In electrophysiology, the term gating refers to the opening (activation) or closing (by deactivation or inactivation) of ion channels. [1] This change in conformation is a response to changes in transmembrane voltage. [2]
When ion channels are in a 'closed' (non-conducting) state, they are impermeable to ions and do not conduct electrical current. When ion channels are in their open state, they conduct electrical current by allowing specific types of ions to pass through them, and thus, across the plasma membrane of the cell. Gating is the process by which an ion channel transitions between its open and closed states. [3]
A variety of cellular changes can trigger gating, depending on the ion channel, including changes in voltage across the cell membrane (voltage-gated ion channels), chemicals interacting with the ion channel (ligand-gated ion channels), changes in temperature, [4] stretching or deformation of the cell membrane, addition of a phosphate group to the ion channel (phosphorylation), and interaction with other molecules in the cell (e.g., G proteins). [5] The rate at which any of these gating processes occurs in response to these triggers are known as the kinetics of gating. Some drugs and many ion channel toxins act as 'gating modifiers' of voltage-gated ion channels by changing the kinetics of gating. [6]
The voltage-gated ion channels of the action potential are often described as having four gating processes: activation, deactivation, inactivation, and reactivation (also called 'recovery from inactivation').
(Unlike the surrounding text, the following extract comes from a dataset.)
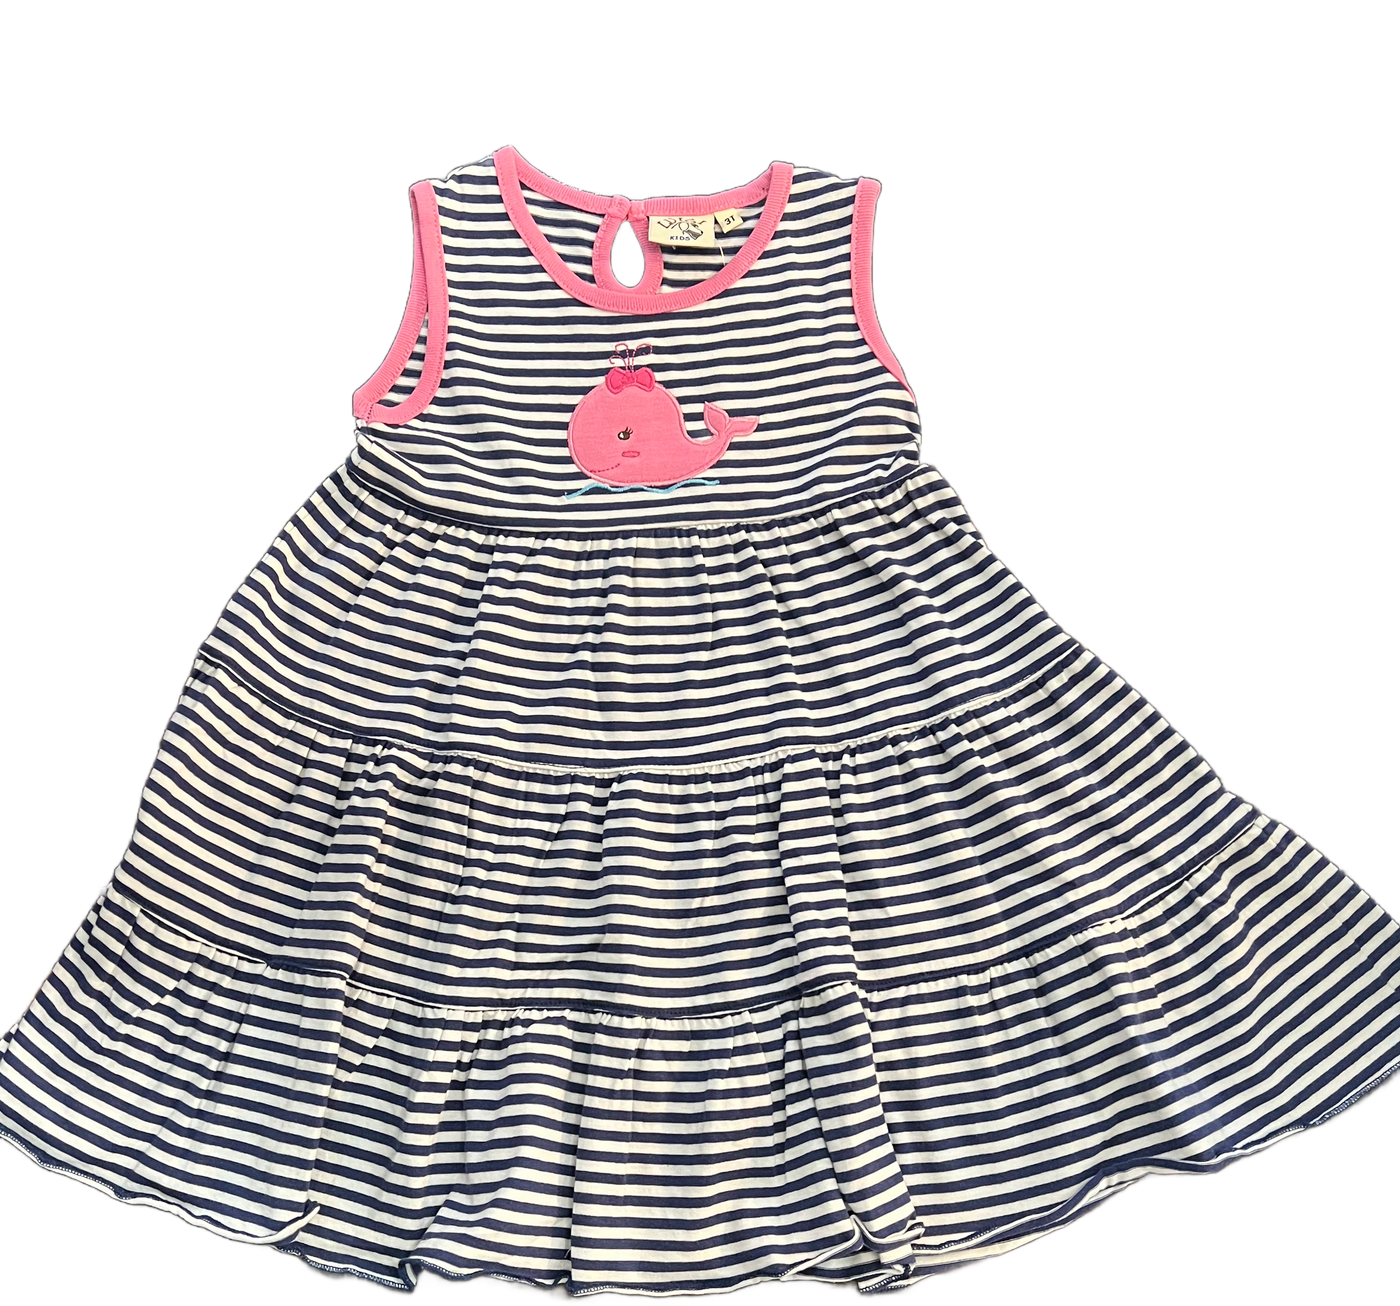 Royal/White Striped Tiered Dress w/ Whale

Activation is the process of opening the activation gate, which occurs in response to the voltage inside the cell membrane (the membrane potential) becoming more positive with respect to the outside of the cell (depolarization), and 'deactivation' is the opposite process of the activation gate closing in response to the inside of the membrane becoming more negative (repolarization). 'Inactivation' is the closing of the inactivation gate, and occurs in response to the voltage inside the membrane becoming more positive, but more slowly than activation. 'Reactivation' is the opposite of inactivation, and is the process of reopening the inactivation gate. [7]
These voltage-dependent changes in function are critical for a large number of processes in excitable and nonexcitable cells. [2]
Voltage-gated ion channels open and close in response to the electrical potential across the cell membrane. Portions of the channel domain act as voltage sensors. As the membrane potential changes, this results in changes in electrostatic forces, moving these voltage-sensing domains. This changes the conformation of other elements of the channel to either the open or closed position. [8] When they move from the closed position to the open position, this is called "activation." Voltage-gated ion channels underlie many of the electrical behaviors of the cell, including action potentials, resting membrane potentials, and synaptic transmission. [9]
Voltage-gated ion channels are often specific to ions, including Na+, K+, Ca2+, and Cl−. Each of these ions plays an important role in the electrical behavior of the cell. [9] The gates also have unique properties with important physiological implications. For example, Na+ channels open and close rapidly, while K+ gates open and close much more slowly. The difference in speed between these channels underlies the depolarization and repolarization phases of the action potential. [10]
Voltage Gated Sodium (Na+) channels are significant when it comes to propagating the action potentials in neurons and other excitable cells, mostly being used for the propagation of action potential in axons, muscle fibers and the neural somatodendritic compartment. [11] Sodium(Na+) channels are some of the main ion channels responsible for action potentials. [9] Being complex, they are made of bigger α subunits that are then paired with two smaller β subunits. [11] They contain transmembrane segments known as S1-6. The charged S4 segments are the channels voltage sensors. When exposed to a certain minimum potential difference, the S4 segments move across the membrane. [12] This causes movement of the S4-S5 linker, which causes the S5-S6 linker to twist and opens the channel. [13]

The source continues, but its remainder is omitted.